Activity =
Repeat exactly what runs from the line containing "De winterscène met" through the last line of the material below. Do not copy the pictures.

Recorded information =
****************************************

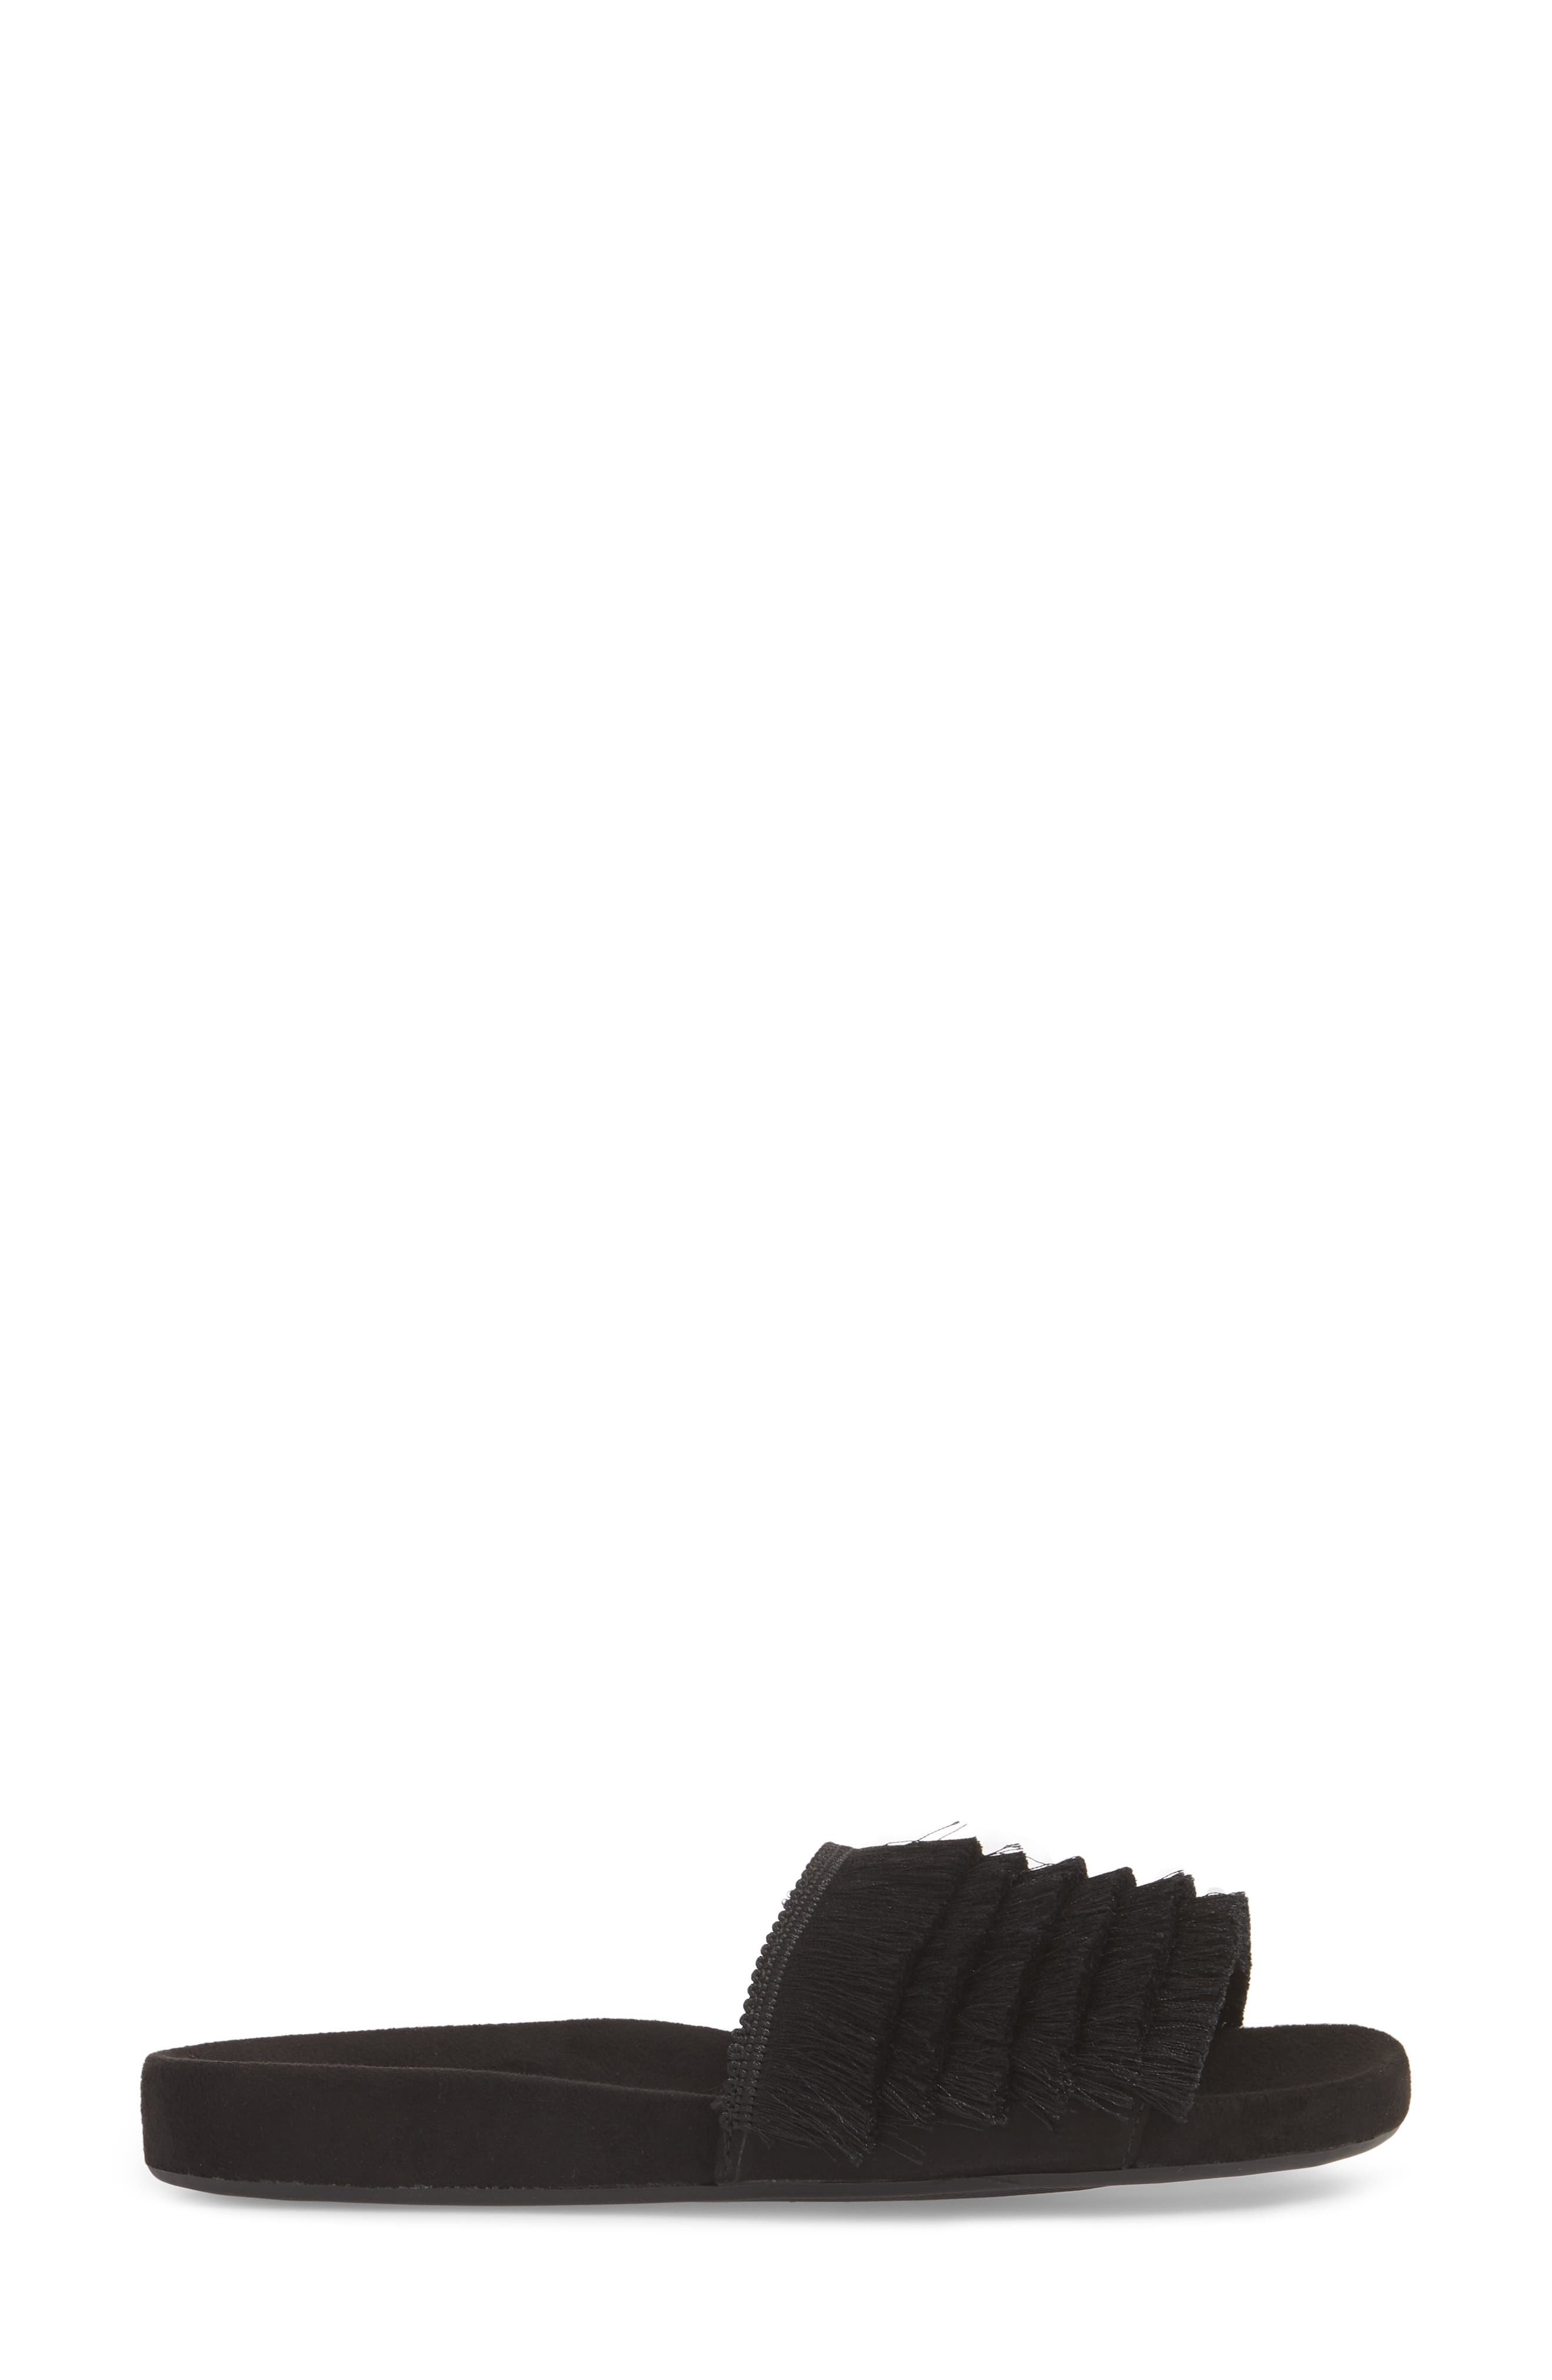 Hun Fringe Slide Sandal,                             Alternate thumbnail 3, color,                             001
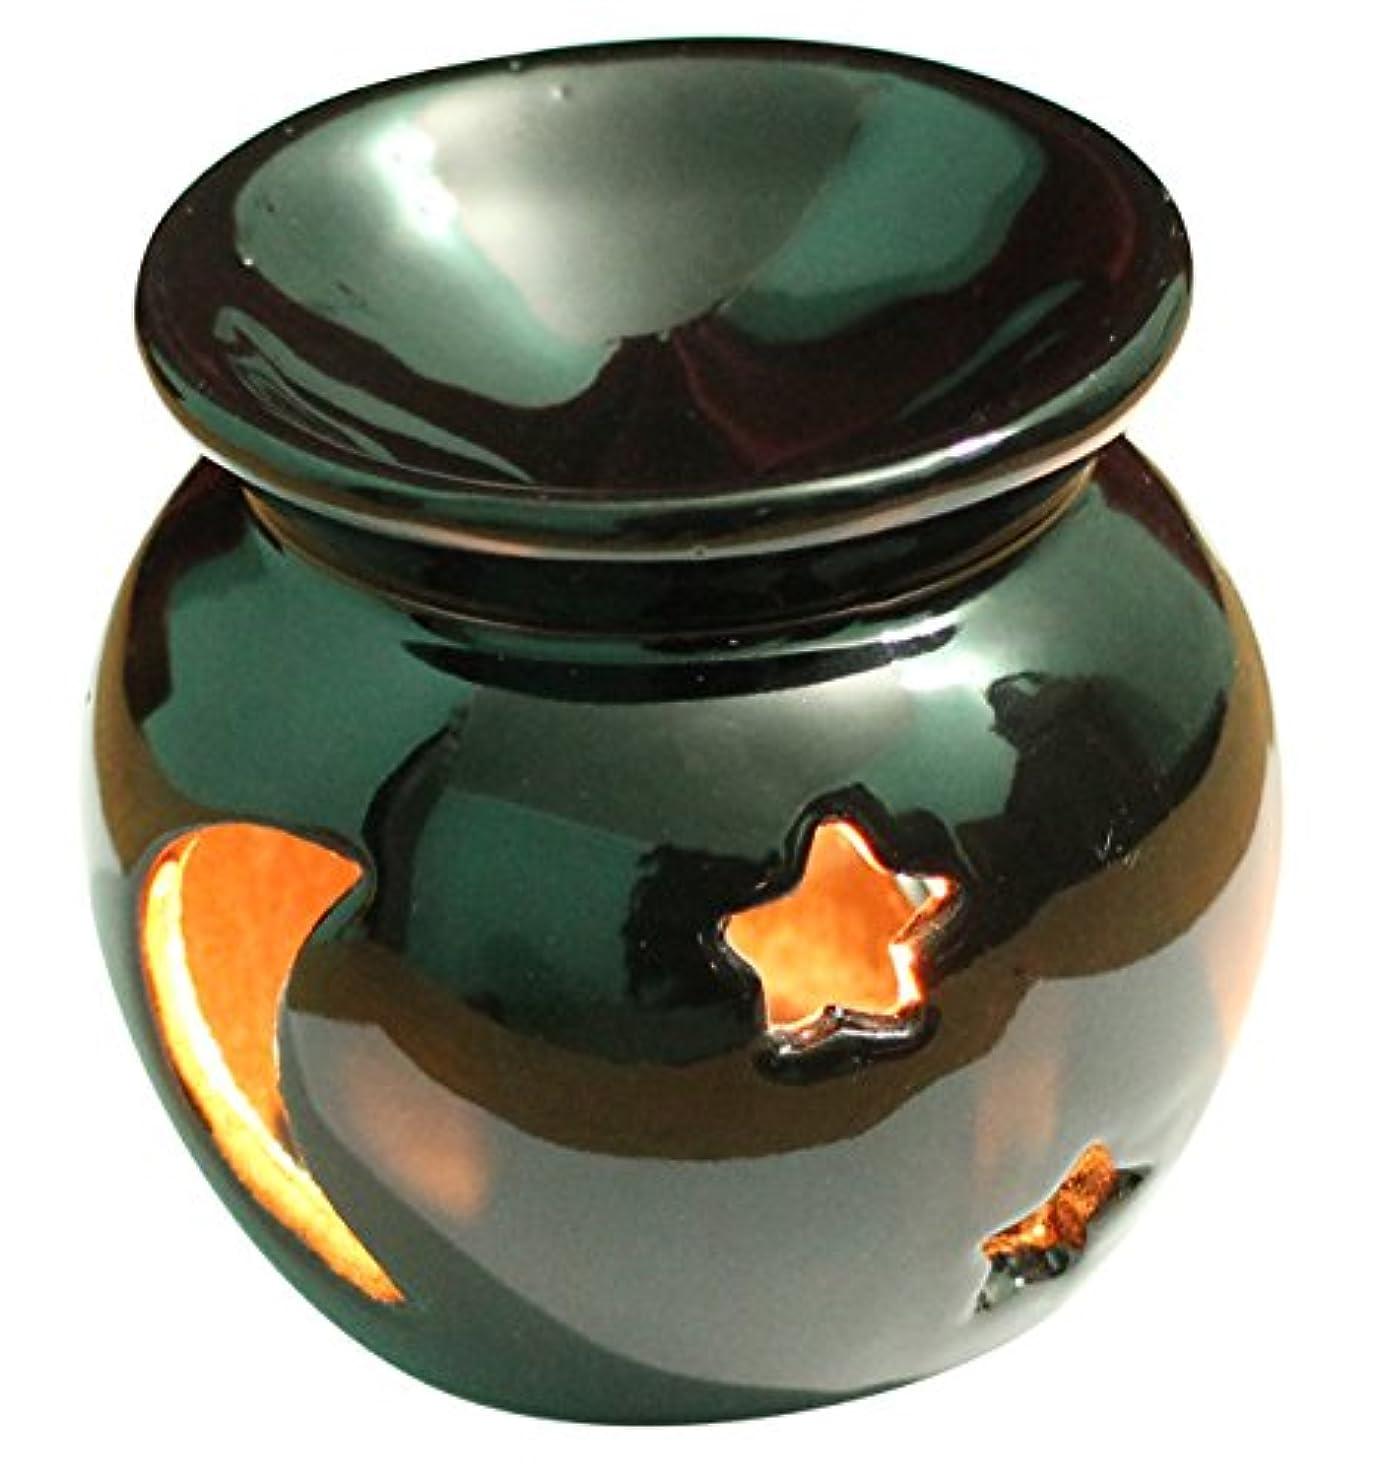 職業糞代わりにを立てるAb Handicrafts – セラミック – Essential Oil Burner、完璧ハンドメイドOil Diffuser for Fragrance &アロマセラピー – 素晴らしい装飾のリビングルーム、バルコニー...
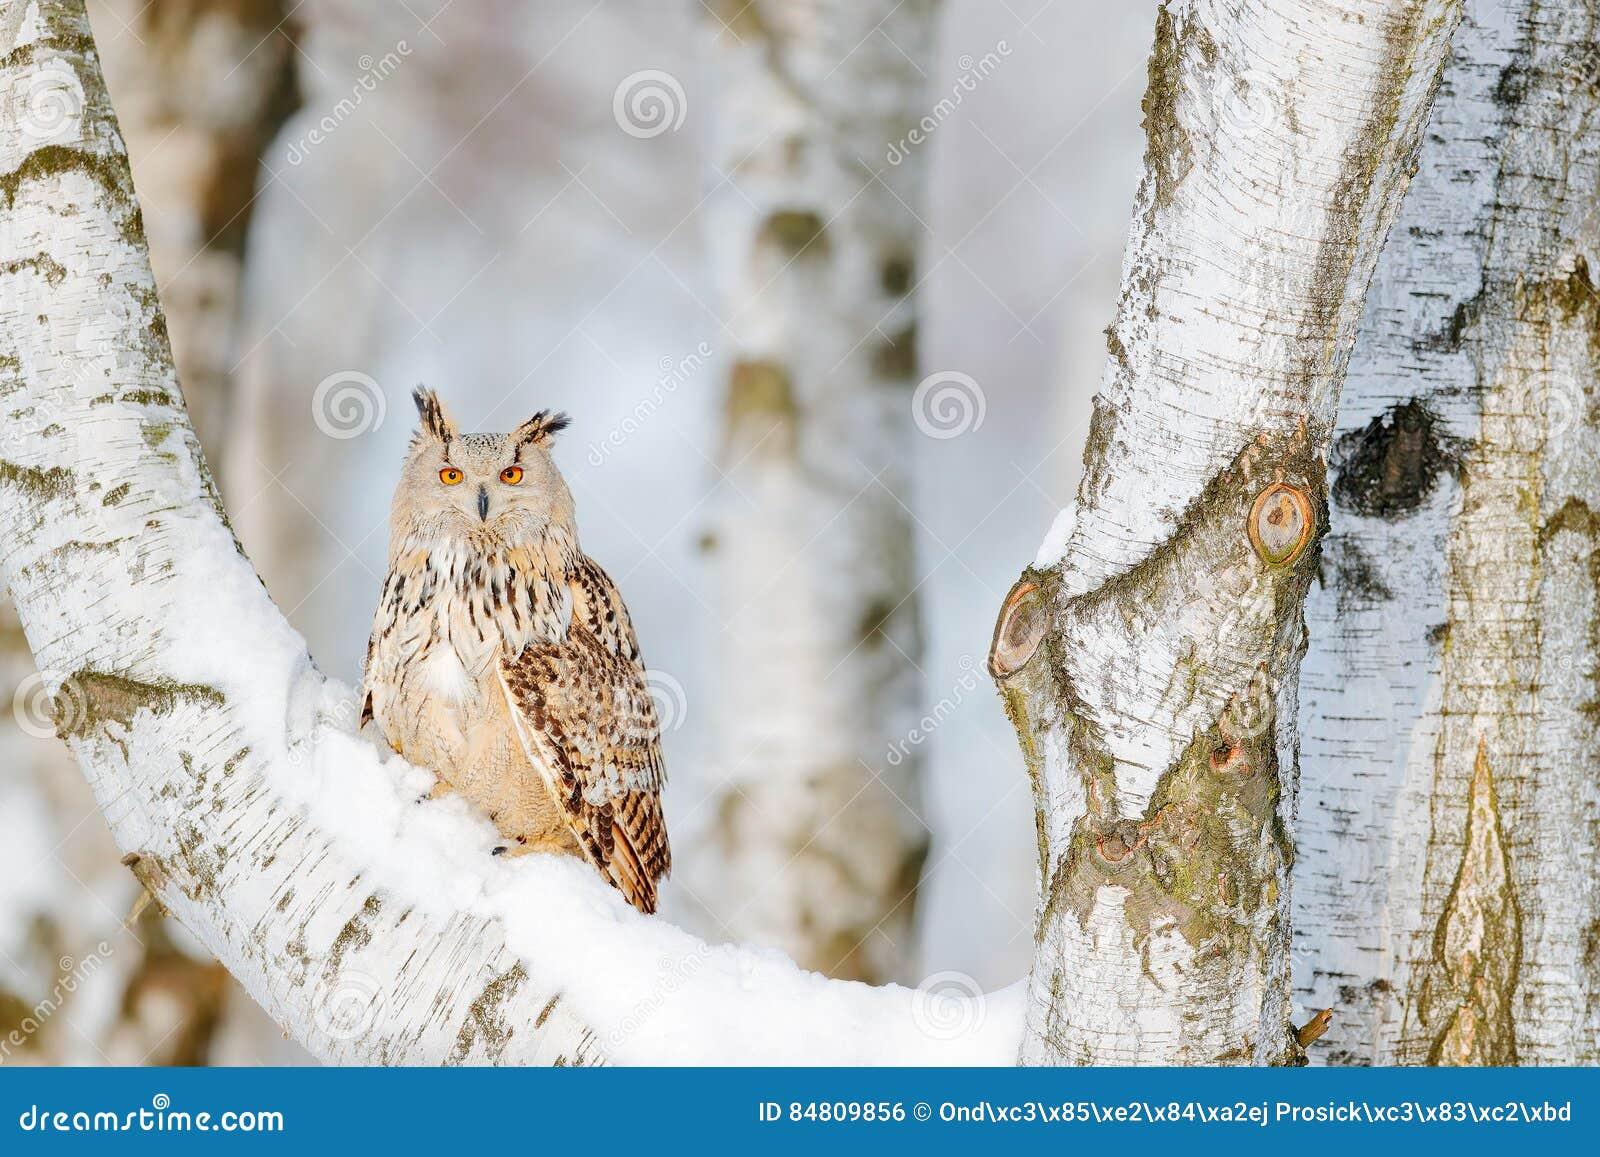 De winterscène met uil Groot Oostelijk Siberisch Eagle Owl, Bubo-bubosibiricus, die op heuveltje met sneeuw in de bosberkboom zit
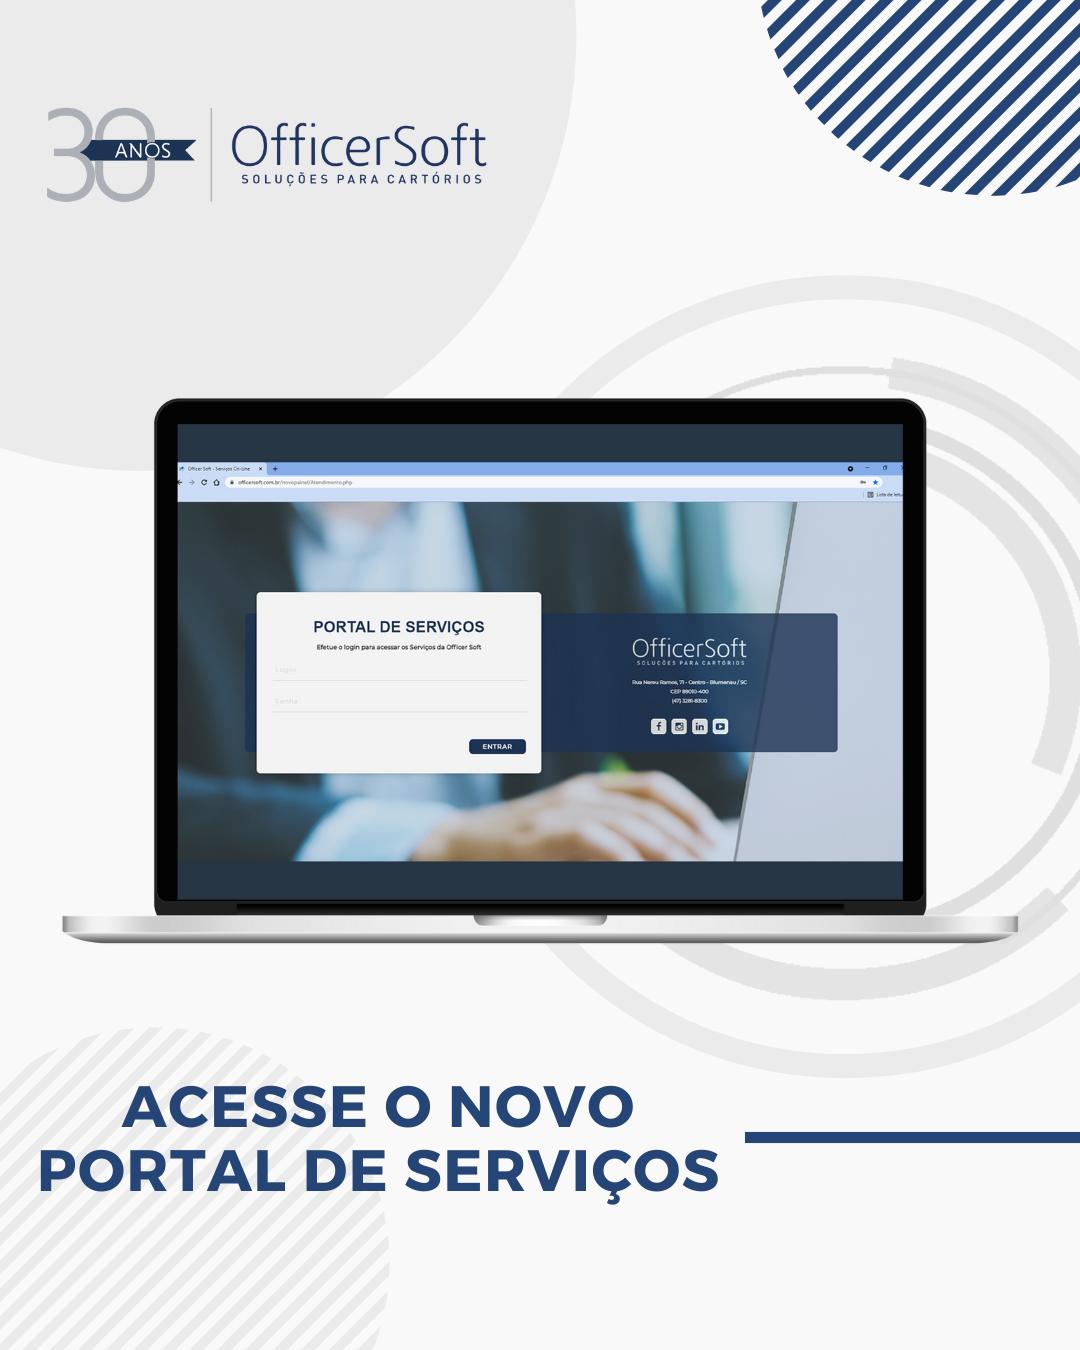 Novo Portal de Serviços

****************************************

Your solution =
 De winterscène met uil Groot Oostelijk Siberisch Eagle Owl, Bubo-bubosibiricus, die op heuveltje met sneeuw in de bosberkboom zit
 Novo Portal de Serviços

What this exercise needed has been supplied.